First, the good news: More people voted in this year’s Student Government elections than ever before. The number of students who voted is up a whopping 50.2 percent from two years ago, including a (slight) increase this year.
A total of 4,610 students voted, which is no mean feat. In an election hampered by snow days, which limited the candidates’ ability to campaign, such a result is unprecedented by USC’s standards. It shows that the surge in voters last year wasn’t a fluke, but a part of a larger trend.
But in an election of more than 23,000 undergraduate students, about 19,000 (over 80 percent) chose not to, even though voting is done online. That paints a very different picture: a campus that simply doesn’t care.

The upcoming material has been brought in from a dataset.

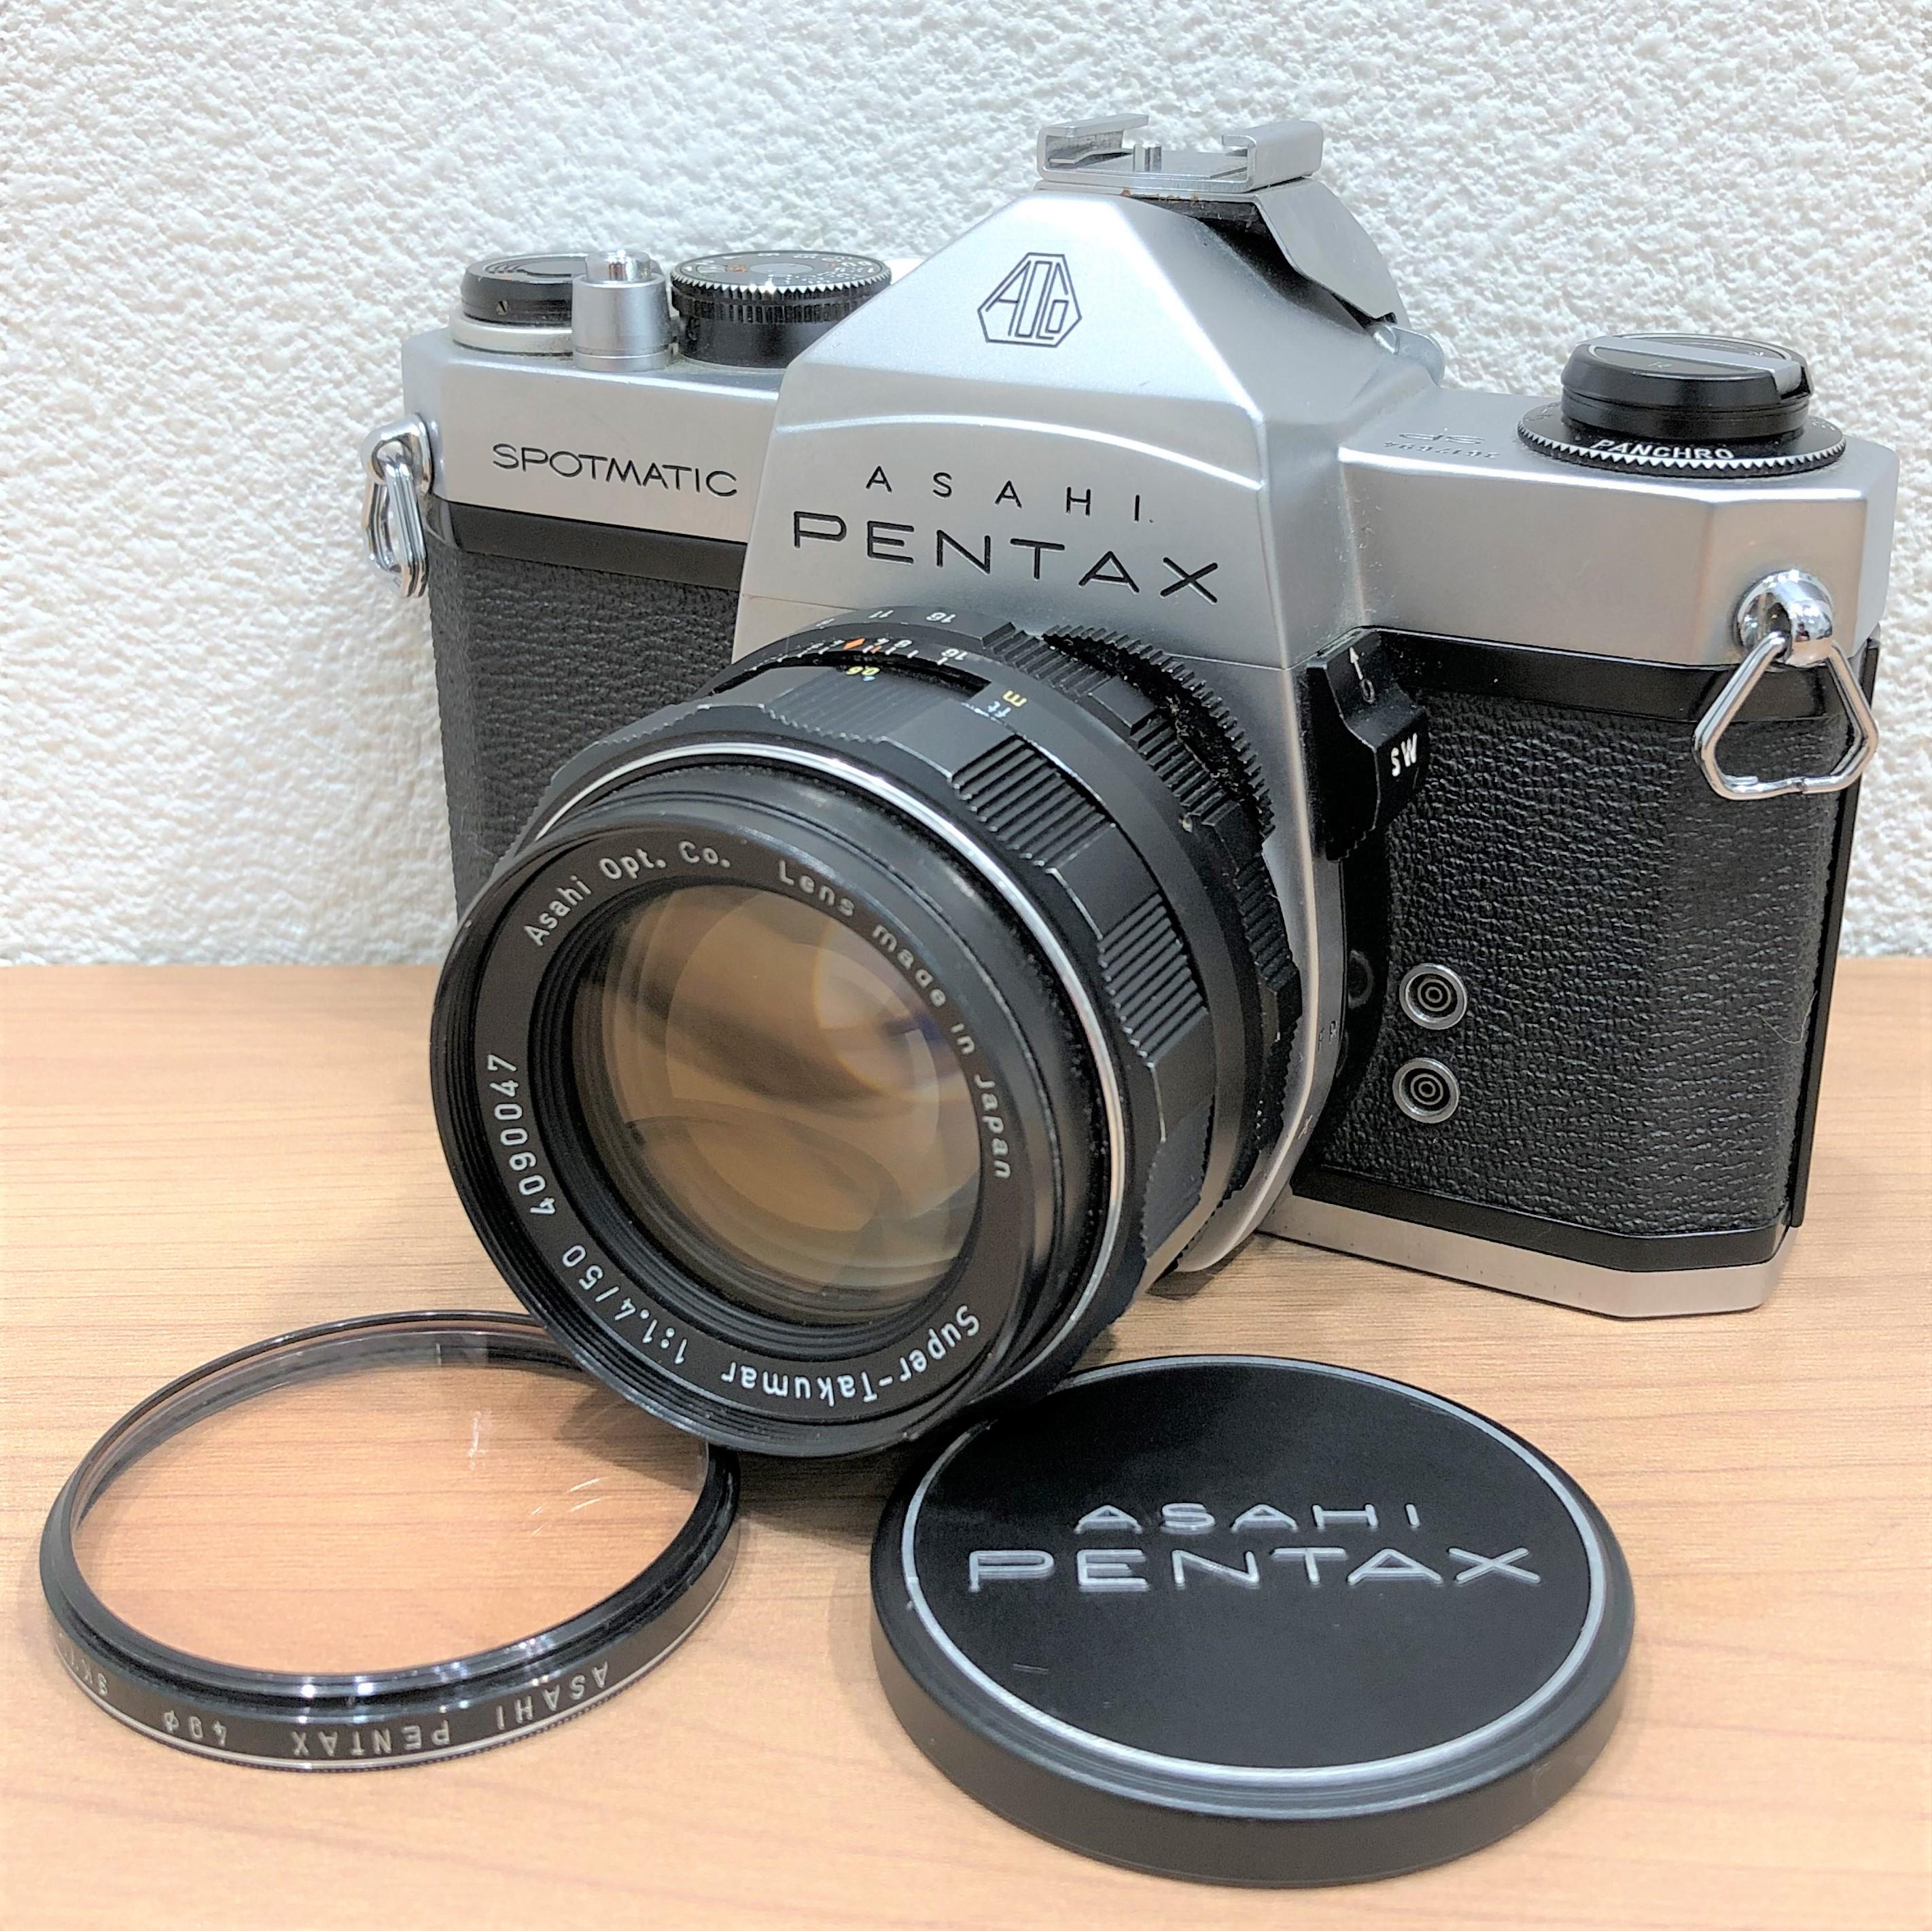 【ASAHI PENTAX//アサヒペンタックス】スポーツマチック スーパータクマー 一眼レフフィルムカメラ

What’s the problem? Not the Elections Commission, surely. You can’t go three feet on campus without running into signs urging students to “Gamecock the Vote.”
They’ve done their job.
No, the main issue here is simple student apathy. A large section of the student body simply does not care what SG does, or doesn’t see how SG affects their lives.

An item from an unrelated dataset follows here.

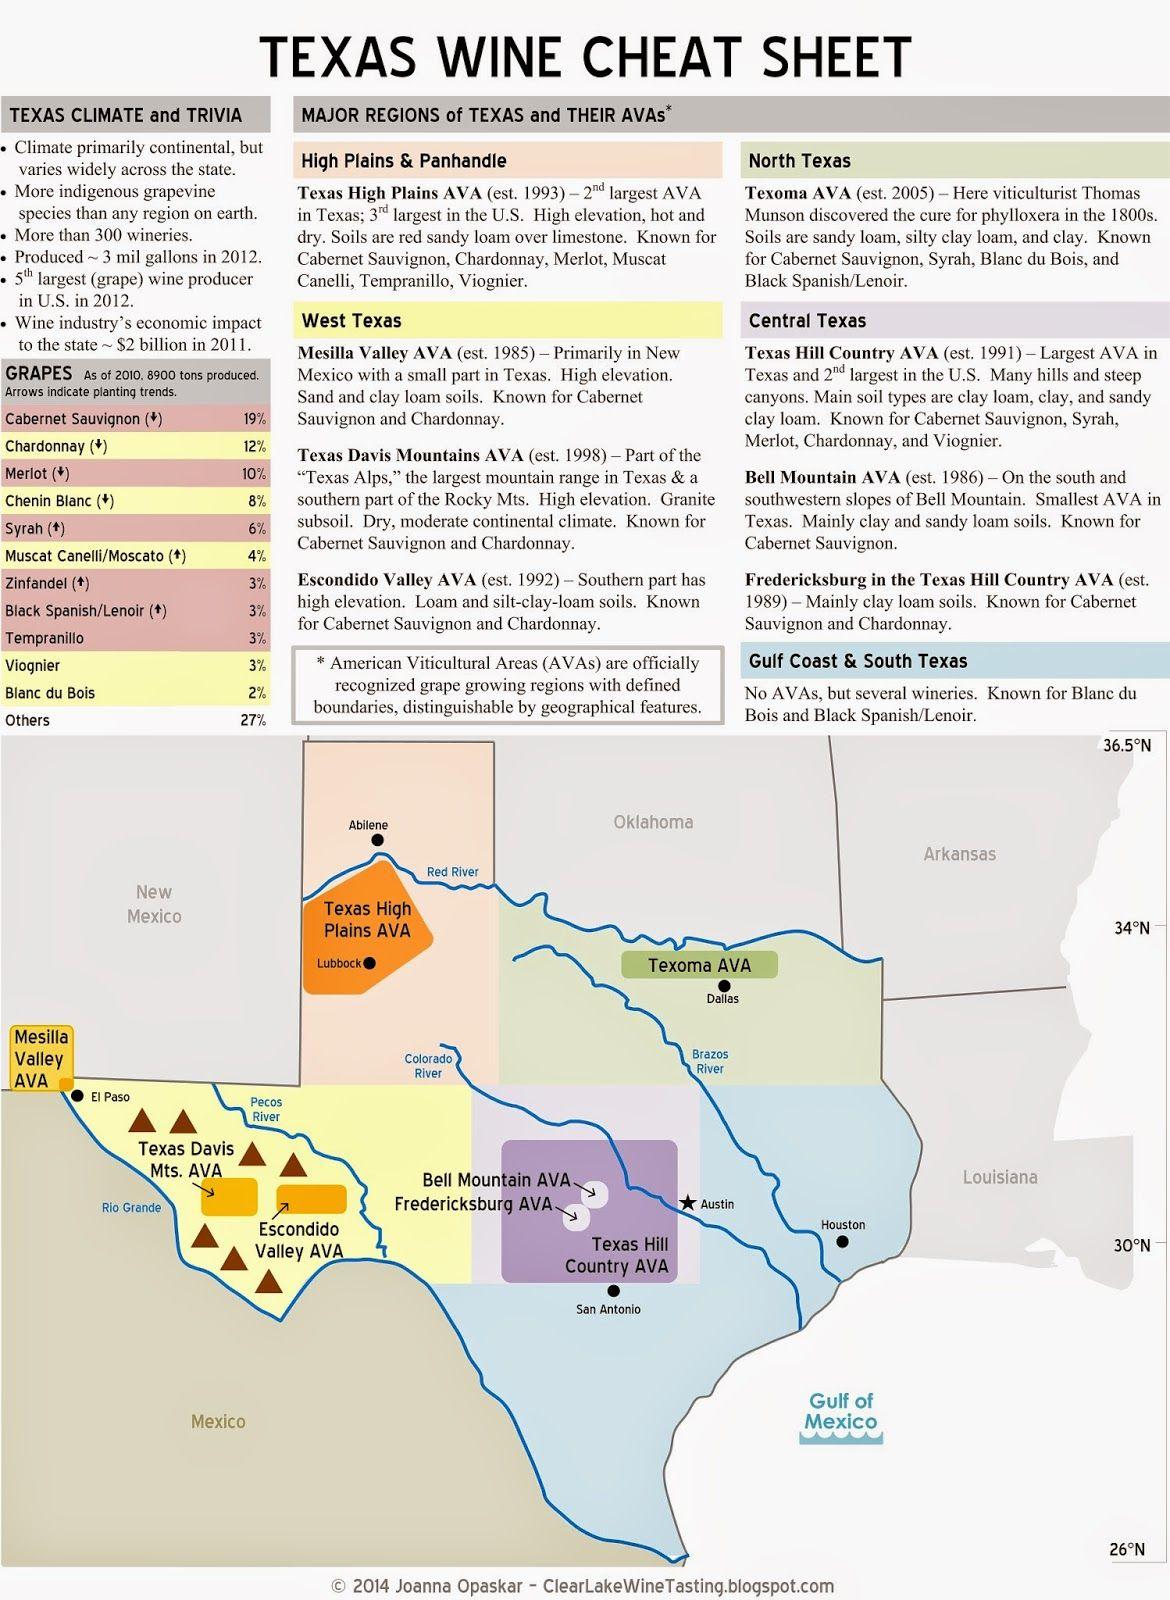 Map Of Texas Wineries.Clear Lake Wine Tasting Texas Wine Cheat Wine Wineeducation

Whatever the underlying problem, the solution here is to increase SG’s visibility to the student body. If SG programs can meaningfully affect a greater part of the student body, more people will seek to make thoughtful choices when the next election season comes around. That’s a thought SG’s newly elected officials should keep in mind as they prepare to take office.
We’re not trying to harp on this any more than we feel we have to. In the context of the past few elections, this time around has been pretty good. (Additionally, in a country where about 40 percent of the population doesn’t vote for its president, we can only ask so much.)
But there’s plenty of room to improve, and we’re hopeful that this growth will continue far into the future.